House Fit
What if your house could adapt to the specific circumstances of your life as those circumstances changed over time?
At face value, this may seem an aspiration of little consequence, but it actually has profound cumulative social impact.
Over time living in a place, we develop myriad networks that are both social and infrastructural. Relationships with neighbours, transport, friends, shops, healthcare, babysitters, schools and many other facilities are all accumulated over long periods and are particularly fragile to locational change.
Current Census figures have up to 40% of Australians moving house every 5 years, which is substantial and twice the average global frequency.
Why we move so often relates to the vagaries of a rental market dominated by non- institutional landlords, along with migratory pressures around work, health and lifestyle.
But perhaps the one reason we move that is most common to all of us, is that the house we need when we are, say, young and single, is different from what we need as a couple with children, or as a larger intergeneration family, or a share house, or as empty nesters, or to enable ageing in place, not to mention the myriad of other less normative living arrangements.
How we have traditionally navigated this variation to circumstance has been via the large, loose fit house, which barely actually suits anyone.
We must also remember that the house is the most prevalent of building types and the seemingly individual choices we make at the scale of the domicile directly scripts the quality of our cities. In this sense the large loose fit house establishes the worst of our suburbs, those that have the most profound environmental and social cost.
Imagine instead a home that is able to support you through your entire life, one that is urbane, compact, environmentally responsible and intrinsically linked to community.
House Fit was commissioned by a young couple, who is now a young family and who will likely be a larger family, then maybe after a while a couple again, and hopefully they will settle into their dotage together. All the while with the potential for accommodating guests, tenants, carers, staff and extended family.
The mechanism by which flexibility of use has been traditionally facilitated in architecture may be typified via two divergent strategies, the plan libre, or the cellular arrangement of rooms.

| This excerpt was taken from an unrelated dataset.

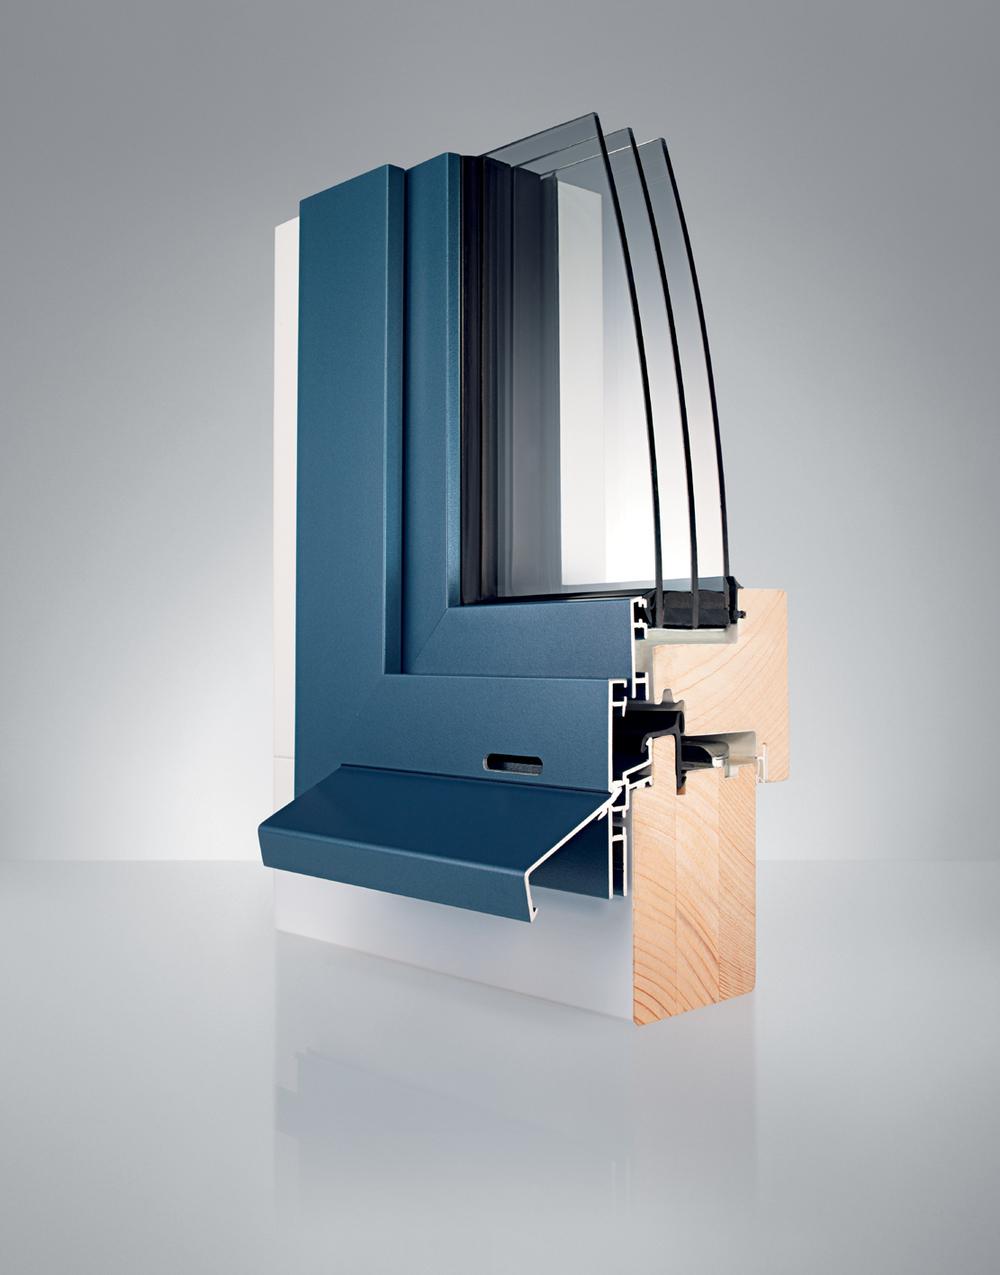 Profil Holz/alu-Fenster WS1 vollflächenverseetzt

The free plan of modernism promised adaptability via looseness of fit. These places are initially magnificent via their inherent spatial generosity, though with everyday use become problematic, the generic offers space for all because it is space for no one in particular.
We have never been modern and so have been working at the potential for mutability via the division and amalgamation of rooms.
In this project the arrangement of rooms adopts a dumbbell plan. Comprising three extant rooms fronting one street frontage, a central great communal room with an adjacent mirrored outdoor court, and three rooms fronting the second street, one of which is the semi external room/workshop. Dual street frontage and the capacity for these rooms to facilitate different use, some for sleeping, working, play, making, reception, retail, and lease, offers the inhabitants a profound resilience to circumstance.
The suburban context was established in 1854 and adopts the gridiron order of small lots and narrow streets on a gently undulating contour typical of the area. Though in the immediate vicinity of House Fit the adjacent diagonal slash of the rail corridor casts this urban order asunder. Houses on triangular lots retain their allegiance to the gridded streets, while
others turn their shoulders, making tangential terrace rows with corner lots exposed akimbo. Invariably the geometric conflict is mediated via the space around orthogonal buildings built to a pattern of little variation. This is the suburban condition.
The planning strategy of this project is to gather the idiosyncratic contextual geometry into the interior spaces, inverting the suburban figure/ground, to establish space external to the building that is regular in shape and of extreme utility. While this fundamentally repositions the project as urban, rather than suburban, it also establishes a form and interiors that offer two angles. The orthogonal and the oblique, enabling an intermittent perceptual dynamism to emerge via alternate elongating and foreshortening.
This project is sustainable via familial, social, urban, and environmental conditions. The light enters into spaces in winter, and spaces are shaded in summer, the wonderful retained courtyard tree brings birds and moving shade into this oasis within a gritty context.
House Fit is an intensely inhabited armature. Our hope is that the flexibility and amenity within this project contributes to the appropriate evolution of both this house and more generally, housing that better fits us all.